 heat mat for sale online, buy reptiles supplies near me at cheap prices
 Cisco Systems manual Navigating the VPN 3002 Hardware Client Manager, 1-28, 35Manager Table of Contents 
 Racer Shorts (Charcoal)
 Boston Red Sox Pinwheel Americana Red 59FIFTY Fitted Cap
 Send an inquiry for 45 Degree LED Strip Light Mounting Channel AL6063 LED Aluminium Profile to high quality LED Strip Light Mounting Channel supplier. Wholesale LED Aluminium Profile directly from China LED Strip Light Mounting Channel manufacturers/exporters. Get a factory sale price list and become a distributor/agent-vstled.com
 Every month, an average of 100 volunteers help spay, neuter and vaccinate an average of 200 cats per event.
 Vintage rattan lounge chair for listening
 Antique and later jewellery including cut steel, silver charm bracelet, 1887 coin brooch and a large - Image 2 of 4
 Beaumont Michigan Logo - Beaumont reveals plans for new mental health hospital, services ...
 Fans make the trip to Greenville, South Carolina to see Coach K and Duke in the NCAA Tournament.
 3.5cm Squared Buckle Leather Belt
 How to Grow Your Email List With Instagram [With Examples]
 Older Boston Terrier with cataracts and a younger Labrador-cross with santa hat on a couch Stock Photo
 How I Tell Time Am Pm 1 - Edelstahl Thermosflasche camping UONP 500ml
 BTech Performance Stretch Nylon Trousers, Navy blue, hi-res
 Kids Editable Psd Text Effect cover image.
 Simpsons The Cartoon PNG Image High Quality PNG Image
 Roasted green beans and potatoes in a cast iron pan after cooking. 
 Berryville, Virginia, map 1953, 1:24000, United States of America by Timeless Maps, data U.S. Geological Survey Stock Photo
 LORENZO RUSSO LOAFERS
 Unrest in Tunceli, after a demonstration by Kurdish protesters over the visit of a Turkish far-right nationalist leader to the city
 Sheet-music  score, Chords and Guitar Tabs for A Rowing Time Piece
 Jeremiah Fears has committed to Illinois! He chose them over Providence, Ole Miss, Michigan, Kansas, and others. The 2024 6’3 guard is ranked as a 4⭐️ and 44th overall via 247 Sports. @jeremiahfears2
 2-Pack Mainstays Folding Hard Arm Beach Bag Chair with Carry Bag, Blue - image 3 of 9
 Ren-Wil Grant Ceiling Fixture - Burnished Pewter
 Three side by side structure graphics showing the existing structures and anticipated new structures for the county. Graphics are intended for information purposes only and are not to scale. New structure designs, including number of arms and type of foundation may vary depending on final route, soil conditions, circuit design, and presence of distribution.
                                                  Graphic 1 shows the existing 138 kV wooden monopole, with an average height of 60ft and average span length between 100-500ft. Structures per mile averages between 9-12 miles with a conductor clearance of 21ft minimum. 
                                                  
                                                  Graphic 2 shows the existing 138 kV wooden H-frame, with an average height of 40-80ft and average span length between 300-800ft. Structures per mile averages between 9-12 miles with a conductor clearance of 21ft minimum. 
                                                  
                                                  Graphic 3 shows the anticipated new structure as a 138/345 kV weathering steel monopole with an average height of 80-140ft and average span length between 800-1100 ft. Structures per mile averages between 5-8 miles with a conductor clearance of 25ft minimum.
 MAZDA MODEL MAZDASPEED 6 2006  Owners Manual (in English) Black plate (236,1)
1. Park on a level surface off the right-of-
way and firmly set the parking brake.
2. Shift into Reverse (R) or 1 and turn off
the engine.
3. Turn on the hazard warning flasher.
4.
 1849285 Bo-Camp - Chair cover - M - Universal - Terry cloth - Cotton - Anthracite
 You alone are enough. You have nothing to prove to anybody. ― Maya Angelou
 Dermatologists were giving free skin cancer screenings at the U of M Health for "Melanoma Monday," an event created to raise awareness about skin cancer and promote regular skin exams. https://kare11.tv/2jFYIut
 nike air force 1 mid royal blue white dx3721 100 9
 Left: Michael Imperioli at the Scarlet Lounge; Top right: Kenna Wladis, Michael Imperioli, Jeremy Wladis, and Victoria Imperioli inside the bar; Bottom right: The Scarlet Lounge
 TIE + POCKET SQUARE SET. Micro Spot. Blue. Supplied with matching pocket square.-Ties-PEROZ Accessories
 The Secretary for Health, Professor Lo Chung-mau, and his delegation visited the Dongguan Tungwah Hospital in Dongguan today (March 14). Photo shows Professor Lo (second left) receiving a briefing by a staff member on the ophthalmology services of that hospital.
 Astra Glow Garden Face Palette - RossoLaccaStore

★ ★ ★ ★

TASK DIRECTIONS: Print the material word for word, with nothing left out.

TASK OUTPUT:
 heat mat for sale online, buy reptiles supplies near me at cheap prices
 Cisco Systems manual Navigating the VPN 3002 Hardware Client Manager, 1-28, 35Manager Table of Contents 
 Racer Shorts (Charcoal)
 Boston Red Sox Pinwheel Americana Red 59FIFTY Fitted Cap
 Send an inquiry for 45 Degree LED Strip Light Mounting Channel AL6063 LED Aluminium Profile to high quality LED Strip Light Mounting Channel supplier. Wholesale LED Aluminium Profile directly from China LED Strip Light Mounting Channel manufacturers/exporters. Get a factory sale price list and become a distributor/agent-vstled.com
 Every month, an average of 100 volunteers help spay, neuter and vaccinate an average of 200 cats per event.
 Vintage rattan lounge chair for listening
 Antique and later jewellery including cut steel, silver charm bracelet, 1887 coin brooch and a large - Image 2 of 4
 Beaumont Michigan Logo - Beaumont reveals plans for new mental health hospital, services ...
 Fans make the trip to Greenville, South Carolina to see Coach K and Duke in the NCAA Tournament.
 3.5cm Squared Buckle Leather Belt
 How to Grow Your Email List With Instagram [With Examples]
 Older Boston Terrier with cataracts and a younger Labrador-cross with santa hat on a couch Stock Photo
 How I Tell Time Am Pm 1 - Edelstahl Thermosflasche camping UONP 500ml
 BTech Performance Stretch Nylon Trousers, Navy blue, hi-res
 Kids Editable Psd Text Effect cover image.
 Simpsons The Cartoon PNG Image High Quality PNG Image
 Roasted green beans and potatoes in a cast iron pan after cooking. 
 Berryville, Virginia, map 1953, 1:24000, United States of America by Timeless Maps, data U.S. Geological Survey Stock Photo
 LORENZO RUSSO LOAFERS
 Unrest in Tunceli, after a demonstration by Kurdish protesters over the visit of a Turkish far-right nationalist leader to the city
 Sheet-music  score, Chords and Guitar Tabs for A Rowing Time Piece
 Jeremiah Fears has committed to Illinois! He chose them over Providence, Ole Miss, Michigan, Kansas, and others. The 2024 6’3 guard is ranked as a 4⭐️ and 44th overall via 247 Sports. @jeremiahfears2
 2-Pack Mainstays Folding Hard Arm Beach Bag Chair with Carry Bag, Blue - image 3 of 9
 Ren-Wil Grant Ceiling Fixture - Burnished Pewter
 Three side by side structure graphics showing the existing structures and anticipated new structures for the county. Graphics are intended for information purposes only and are not to scale. New structure designs, including number of arms and type of foundation may vary depending on final route, soil conditions, circuit design, and presence of distribution.
                                                  Graphic 1 shows the existing 138 kV wooden monopole, with an average height of 60ft and average span length between 100-500ft. Structures per mile averages between 9-12 miles with a conductor clearance of 21ft minimum. 
                                                  
                                                  Graphic 2 shows the existing 138 kV wooden H-frame, with an average height of 40-80ft and average span length between 300-800ft. Structures per mile averages between 9-12 miles with a conductor clearance of 21ft minimum. 
                                                  
                                                  Graphic 3 shows the anticipated new structure as a 138/345 kV weathering steel monopole with an average height of 80-140ft and average span length between 800-1100 ft. Structures per mile averages between 5-8 miles with a conductor clearance of 25ft minimum.
 MAZDA MODEL MAZDASPEED 6 2006  Owners Manual (in English) Black plate (236,1)
1. Park on a level surface off the right-of-
way and firmly set the parking brake.
2. Shift into Reverse (R) or 1 and turn off
the engine.
3. Turn on the hazard warning flasher.
4.
 1849285 Bo-Camp - Chair cover - M - Universal - Terry cloth - Cotton - Anthracite
 You alone are enough. You have nothing to prove to anybody. ― Maya Angelou
 Dermatologists were giving free skin cancer screenings at the U of M Health for "Melanoma Monday," an event created to raise awareness about skin cancer and promote regular skin exams. https://kare11.tv/2jFYIut
 nike air force 1 mid royal blue white dx3721 100 9
 Left: Michael Imperioli at the Scarlet Lounge; Top right: Kenna Wladis, Michael Imperioli, Jeremy Wladis, and Victoria Imperioli inside the bar; Bottom right: The Scarlet Lounge
 TIE + POCKET SQUARE SET. Micro Spot. Blue. Supplied with matching pocket square.-Ties-PEROZ Accessories
 The Secretary for Health, Professor Lo Chung-mau, and his delegation visited the Dongguan Tungwah Hospital in Dongguan today (March 14). Photo shows Professor Lo (second left) receiving a briefing by a staff member on the ophthalmology services of that hospital.
 Astra Glow Garden Face Palette - RossoLaccaStore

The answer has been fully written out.